#### [Source data]
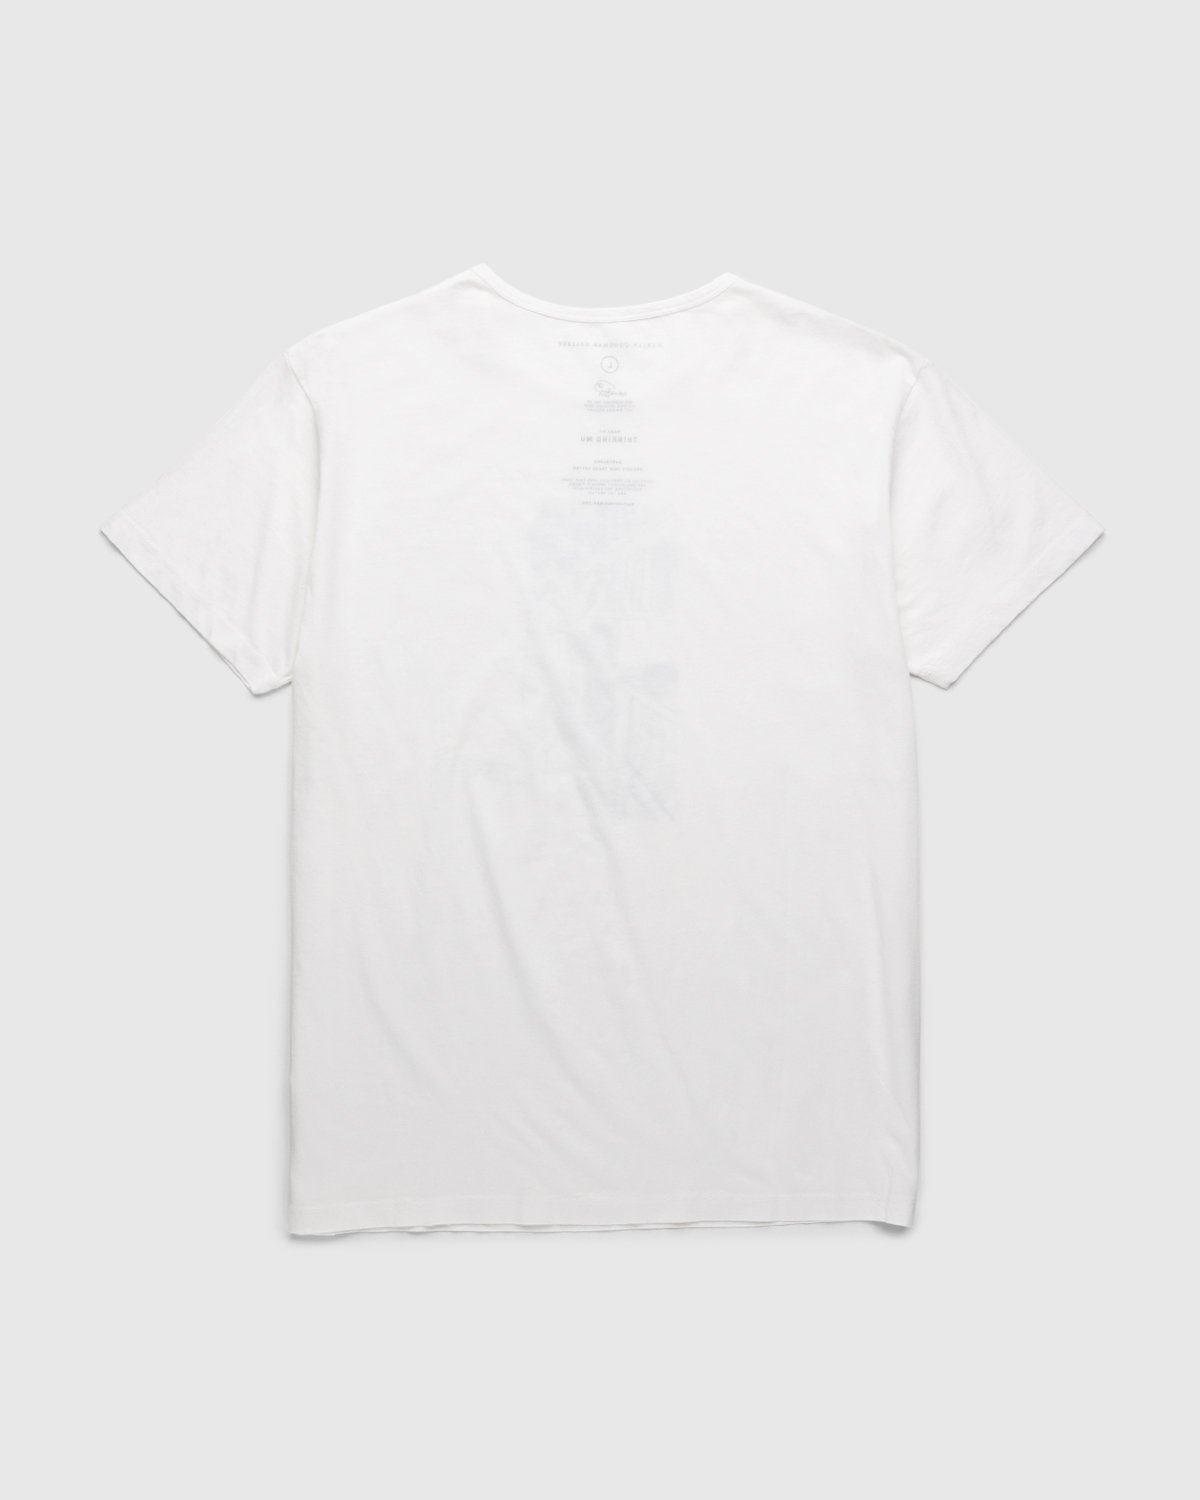 Mieko Meguro x Dan Graham - T-Shirt - Clothing - White - Image 2
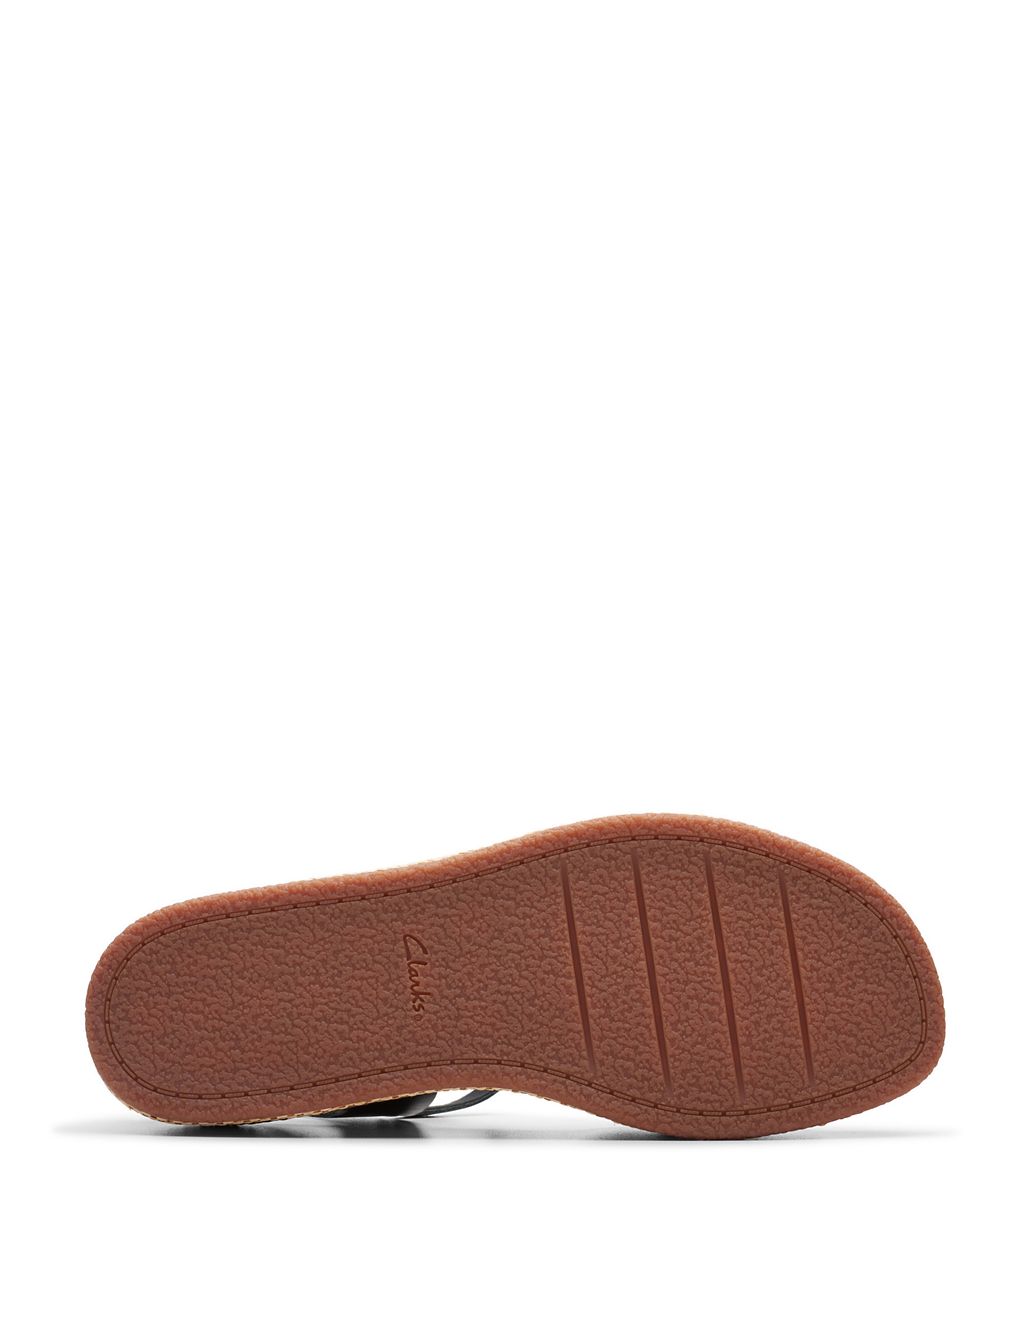 Leather Metallic Wedge Sandals 4 of 6
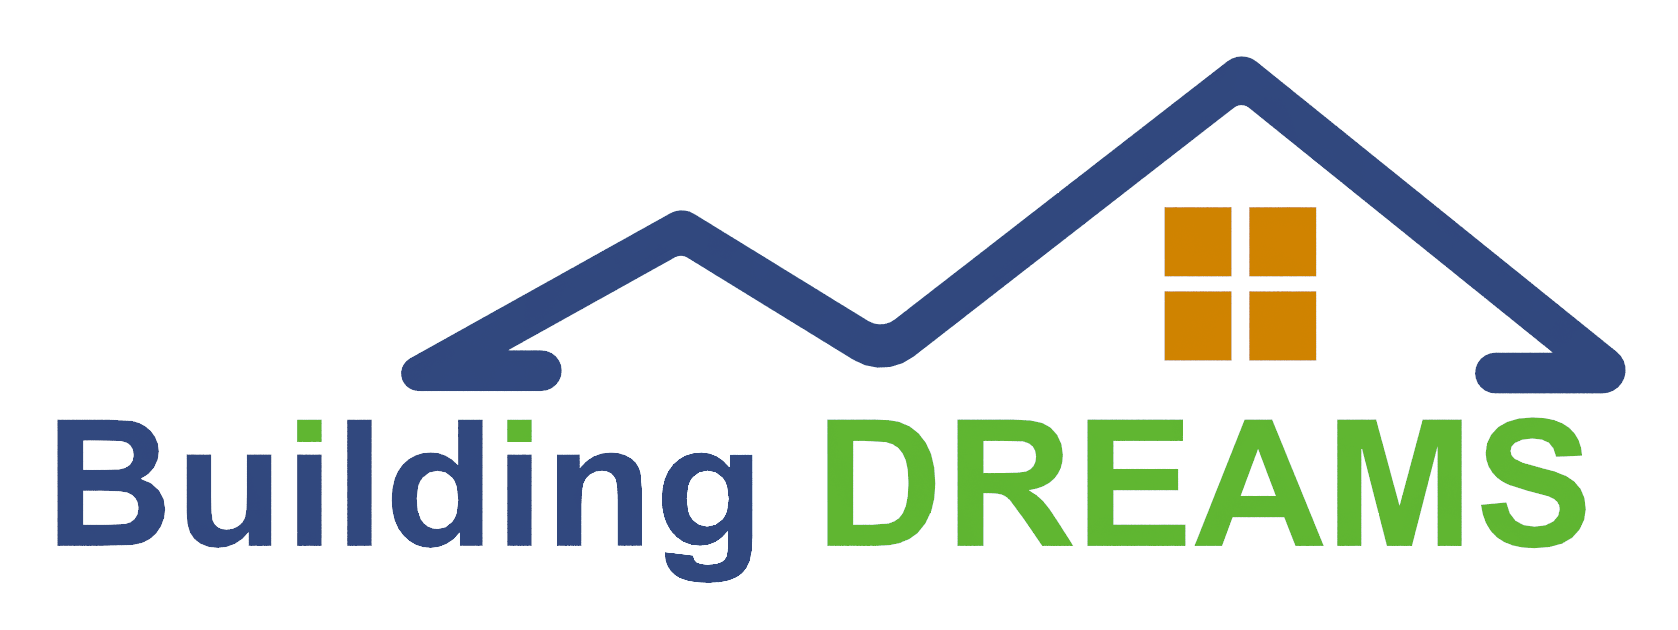 Building Technology Logo - Home Dreams Inc
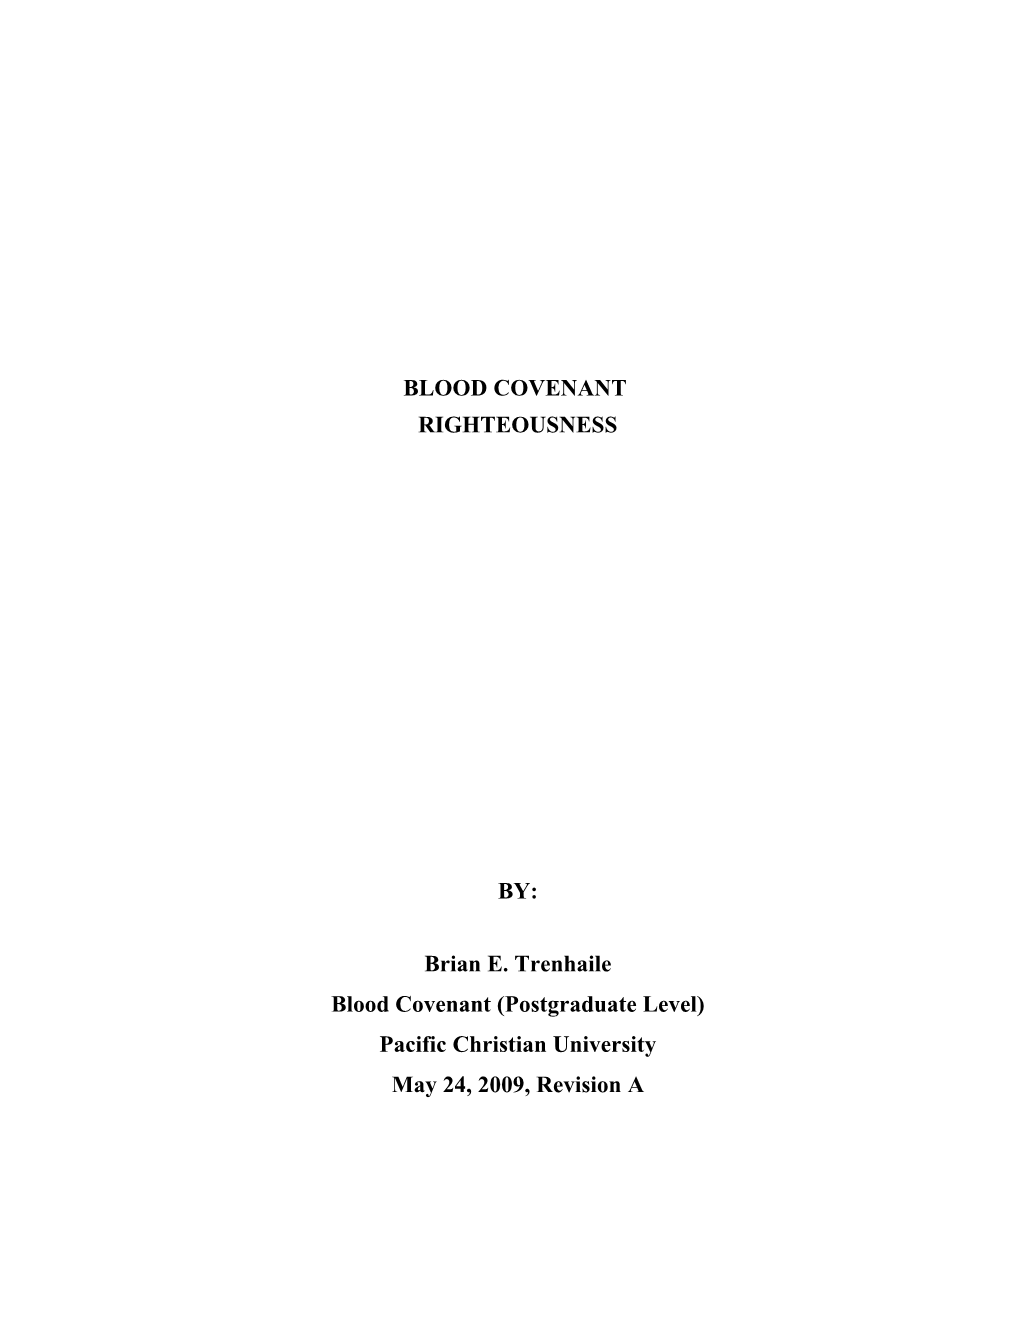 Brian E. Trenhaile Blood Covenant (Postgraduate Level) Pacificchristianuniversity

#### [Task statement]
Output the whole listing again, exactly, without its pictures.

#### [Output of the task]
 Mieko Meguro x Dan Graham - T-Shirt - Clothing - White - Image 2
 Leather Metallic Wedge Sandals 4 of 6
 Building Technology Logo - Home Dreams Inc
 Brian E. Trenhaile Blood Covenant (Postgraduate Level) Pacificchristianuniversity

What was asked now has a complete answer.